Software project aims to keep patient data protected in COVID-19 research
Computer scientist receives NSF grant to help develop tool
Credit: The University of Texas at Dallas
The COVID-19 pandemic has created an urgent need for sharing patient data to help scientists learn more about the virus and how to stop it from spreading. One key ethical issue, however, is how much information can health providers disclose to researchers without violating patient privacy?
Dr. Murat Kantarcioglu, professor of computer science in the Erik Jonsson School of Engineering and Computer Science at The University of Texas at Dallas, jointly with Vanderbilt University Medical Center, has received a $200,000 grant through the National Science Foundation’s Rapid Response Research (RAPID) program to create an open-source software tool to help policymakers and health care providers make those decisions.

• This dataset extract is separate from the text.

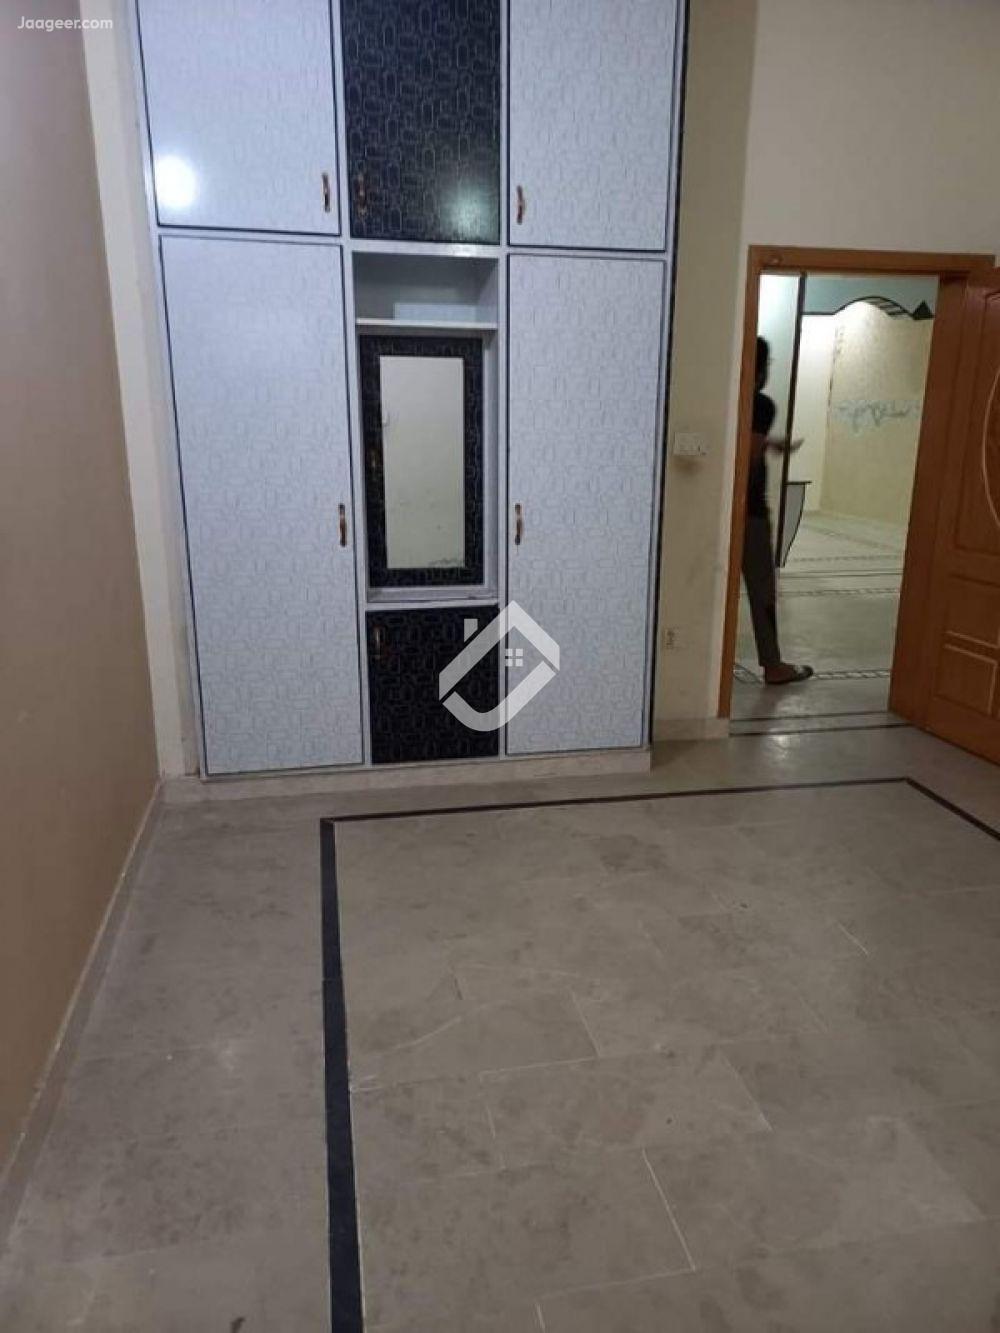 View  5 Marla Upper Portion House For Rent In Ghauri Town  in Ghauri Town, Islamabad

“The issue is: What kind of details can we give to researchers while protecting a patient’s privacy?” Kantarcioglu said. “It’s possible that disclosing certain features about a patient’s medical history may make it easier to identify a person.”
Epidemiologists use patient data to create statistical models to predict the potential spread of disease and to determine what factors might make specific populations more at risk. Much of the data used for research comes in the form of aggregate statistics, which show the number of cases without any identifying information about individual patients. For coronavirus, however, person-level data is critical to understanding how various health factors might affect the virus’s spread and impact individuals.
Concerns over patient privacy have emerged during the COVID-19 pandemic as public health officials track the spread of the highly contagious virus and consider tech-enabled, contact-tracing systems. The UT Dallas project, which also involves Dr. Brad Malin, vice chair for research in biomedical informatics at Vanderbilt University Medical Center, focuses on the risks of an individual being identified when patient data is released for research purposes.
Kantarcioglu, who also studies privacy risks involved with genomic data in another project with Malin, said current tools to evaluate the risks of sharing patient data do not typically account for changes in a disease’s spread over time or location. That is, the usefulness of information about COVID-19 patients changes quickly and might differ from day to day. For example, the precise location of new cases in a hotspot might be most important for initial contact tracing, but such location data becomes less useful as the disease spreads.
The decision tool Kantarcioglu is developing could evaluate whether releasing data about patients’ locations or medical histories — such as smoking history or prescription drug use — increases the risk of identification.
In one possible outcome, certain data could not be shared publicly and can only be shared with researchers with restricted access, he said.
“We would like to give researchers as much data as possible for this kind of analysis,” Kantarcioglu said. “But we want to make sure that the risk of a person being identified is low.”
The NSF’s RAPID program supports nonmedical, nonclinical-care research related to modeling and understanding the spread of COVID-19, informing and educating about the science of virus transmission and prevention, and encouraging the development of processes and actions to address the global challenge.